Posted by Catherine - Under: Eco Basics, Eco Friendly Garden, Eco Friendly Kitchen, Environment, Food, Organic, Spring, Summer, Wildlife

Did you know that honey bees make onions and carrots grow?

Bees pollinate a huge number of plants, fruits and vegetables, and help to improve the yields of so many others. So without them, there may be less, smaller or no fruit and veg for us to eat!

Don’t Plants Just Grow Themselves?
Well, yes. All plants will grow into an adult plant or tree from a seed in the right conditions, but most will not fruit without pollination.

Pollination is where the male parts (the pollen) are moved from one plant to another by a bee, another insect or the wind (the pollinator) and join with the female parts (the ova) and make the babies if you like - and the babies in this case are the seeds. Most seeds are normally encased in fruiting bodies like apples, pears or nuts.

So, if for example, you enclosed an adult apple tree in a bee proof environment - it would produce blossom - but not any apples. The apples only grow once the flower has been fertilised, and the apples then grow from where the flowers once were. No pollination = no fertilisation = no apples.

The same is true for any flowering plant.

Can’t Something Else Pollinate Our Food?
Well, yes of course - some are pollinated by a variety of birds, insects or mammals - and many by the wind, but certain plants have evolved over thousands of years to work best with just 1 or 2 types of pollinators.

You may have seen the incredibly long flower tubes that only certain birds can reach into to feed, or the incredibly intricate ways that plants transfer pollen onto butterflies heads. Did you know that some plants will only release their pollen if stimulated by vibrating bee wings!

We can stimulate pollination ourselves if necessary, but it takes a lot longer and is nowhere near as effective long term. There is for example a town in China where villagers have to rub feathers across all their pear trees to make sure that they produce fruit - as they killed off all their own bees with pesticides.
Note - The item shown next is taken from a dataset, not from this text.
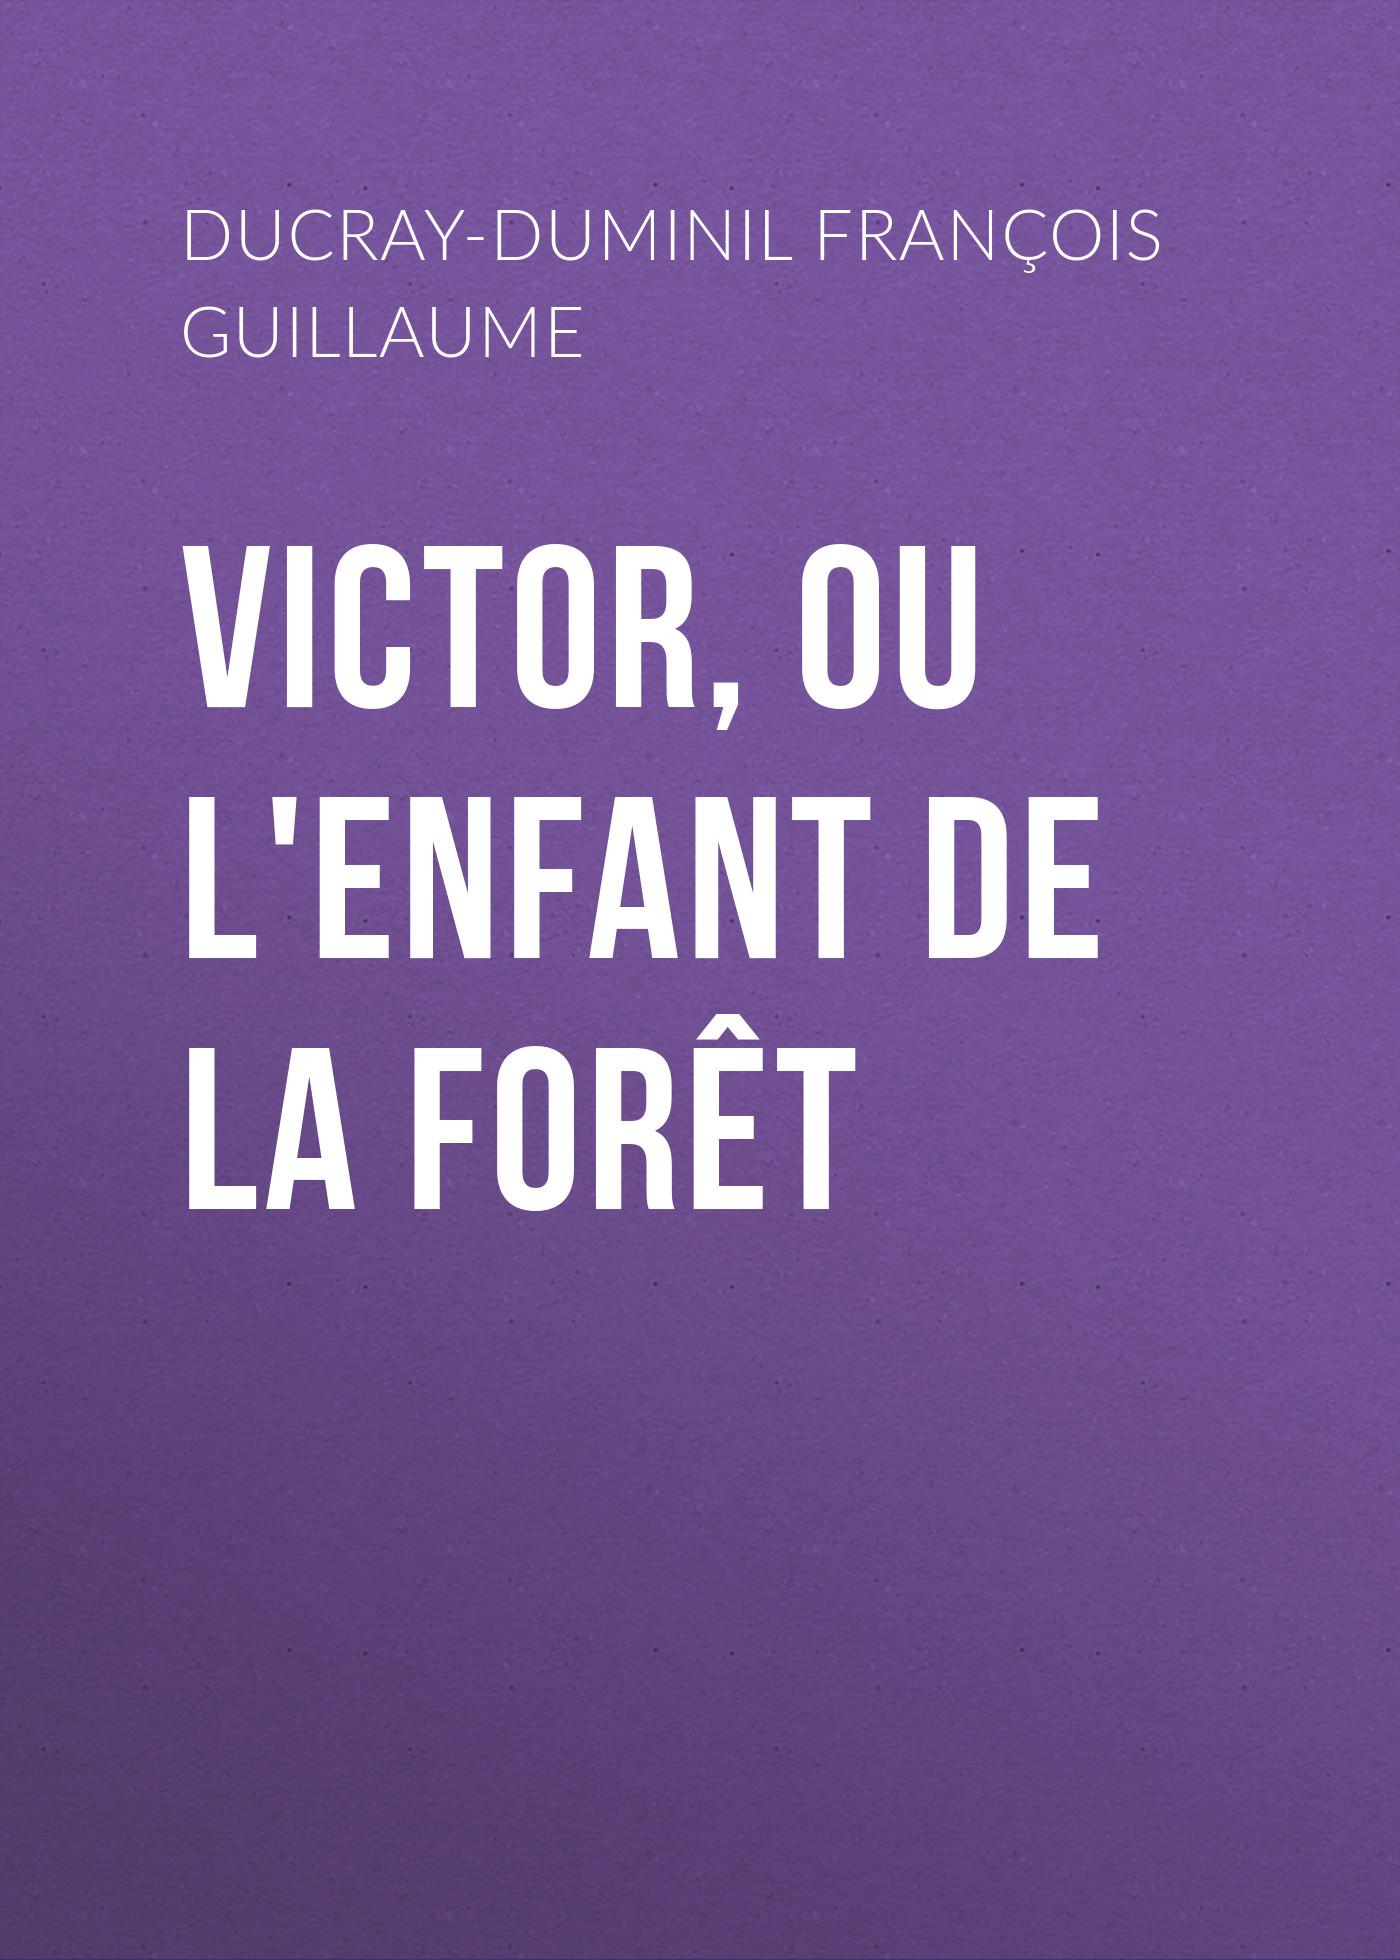 Ducray-Duminil François Guillaume Victor, ou L'enfant de la forêt ammeter multitester 2000 counts resistance capacitance inductance temperature victor digital multimeter vc9805a

This is all well and good for 1 small location where everyone chips in a bit of time for their own rewards, but imagine how many people you would need, how much time it would take and how much money it would cost to pay people to pollinate - by hand - the 60 million almond trees in California alone?
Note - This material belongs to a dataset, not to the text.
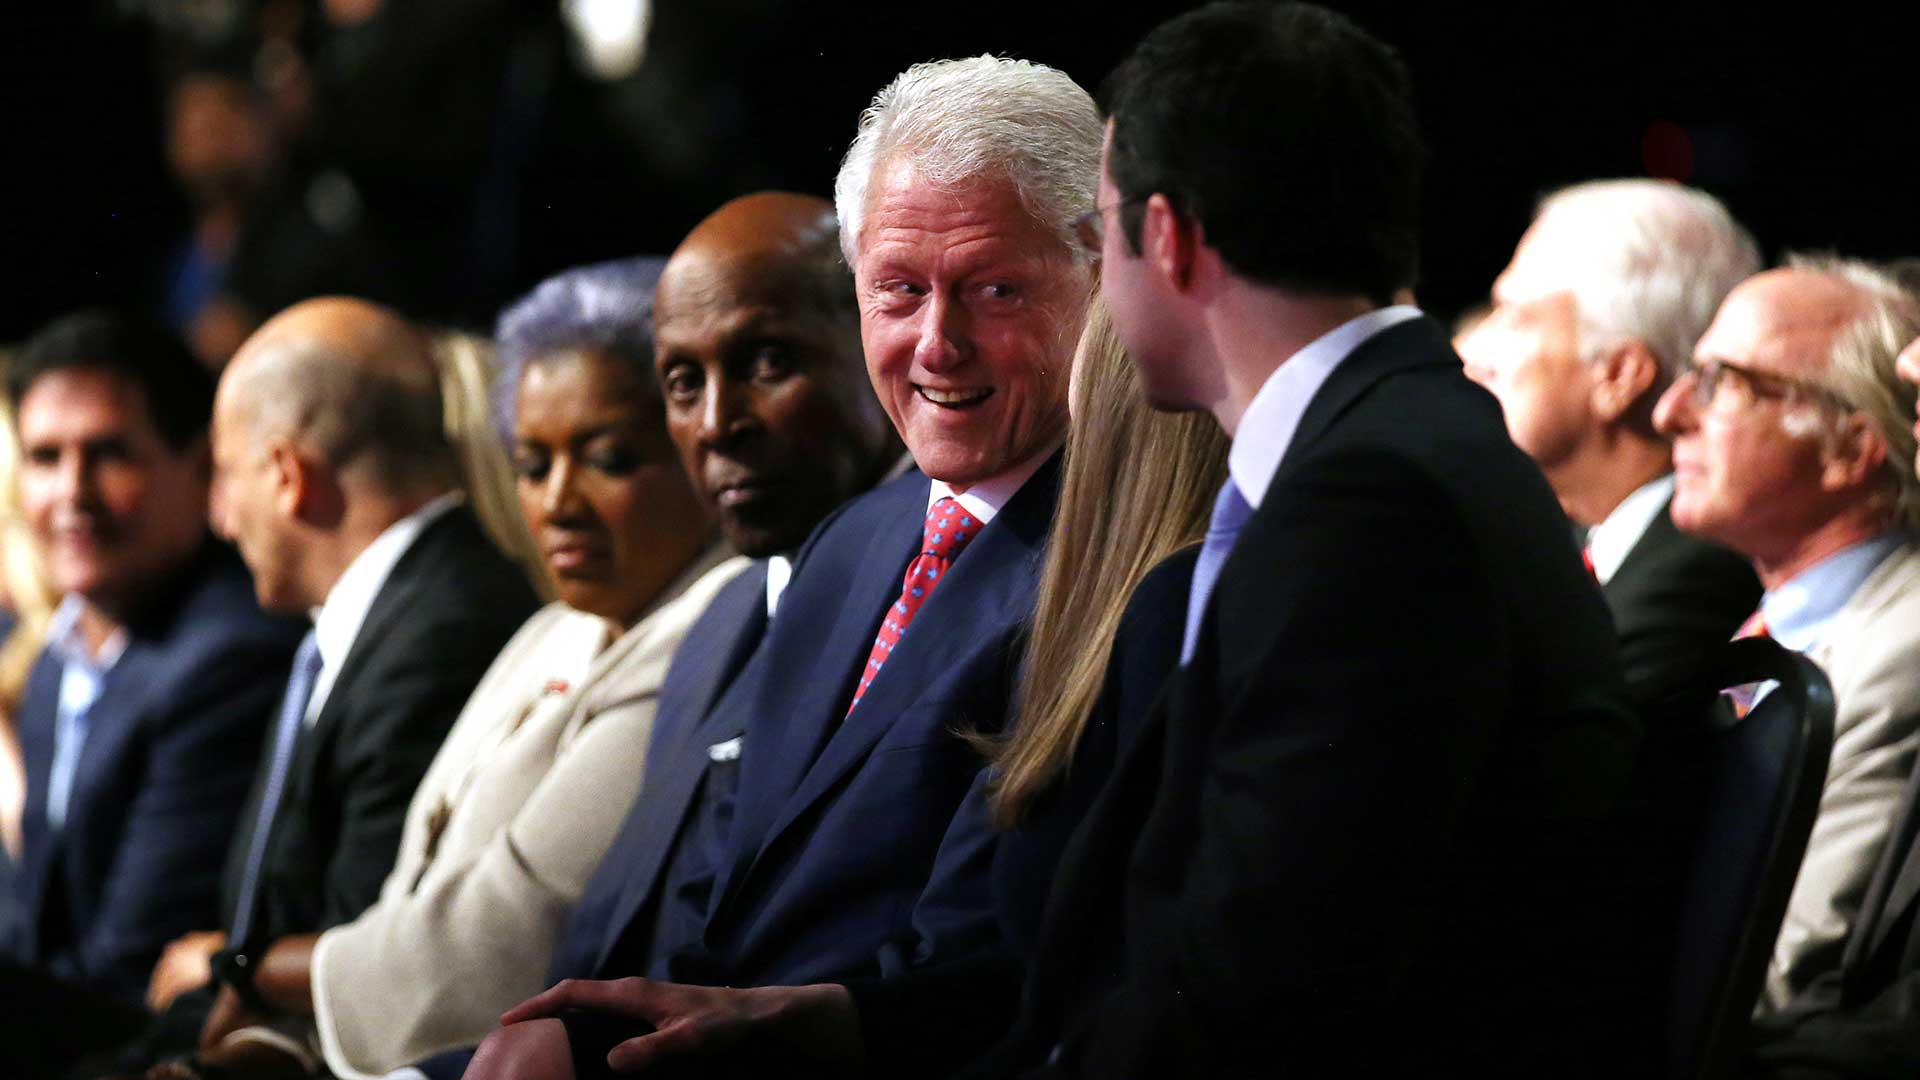 (Reuters) Sobre el Estado Islámico, Hillary Clinton dijo que la derrota del grupo yihadista será la prioridad principal como presidente.

And this is just one crop. We farm a tonne of other more important crops - all of which will suffer if there are no bees.

What Can I Do?
Firstly, you can make sure that you limit or stop your use of pesticides or garden chemicals for ever and garden more organically. Bees are insects and so an insecticide used to kill those pesky aphids could well be killing bees too as well as butterflies and ladybirds - and possibly even birds and mammals.
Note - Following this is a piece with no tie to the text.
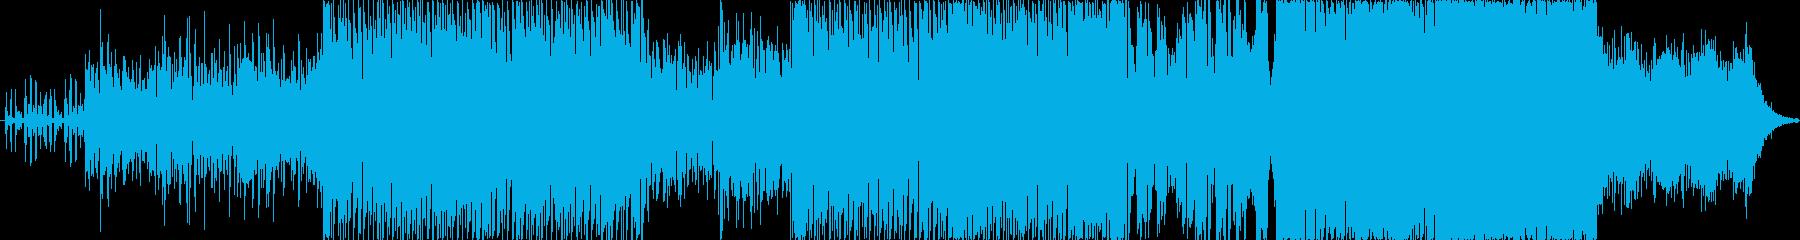 ハウスベースのEDM おしゃれな雰囲気の再生済みの波形

Ladybirds which eat poisoned aphids could build up the toxins inside themselves before getting eaten by birds and passing these poison on up the food chain to larger birds or mammals! So insecticides can poison sparrows, falcons and even domestic cats!

Secondly, make a home for them! Now I am not suggesting that you need to set up a hive - you can easily make a home for a single bee in a tree or a hole in the ground and help to encourage wild bees (domesticated bees in hives cannot survive without human help) into your garden.

Make sure you leave wild areas in your yard - and make sure it has flowering plants in it so the bees can eat the nectar. A garden filled with decking and concrete isn’t going to make a good home for any animal!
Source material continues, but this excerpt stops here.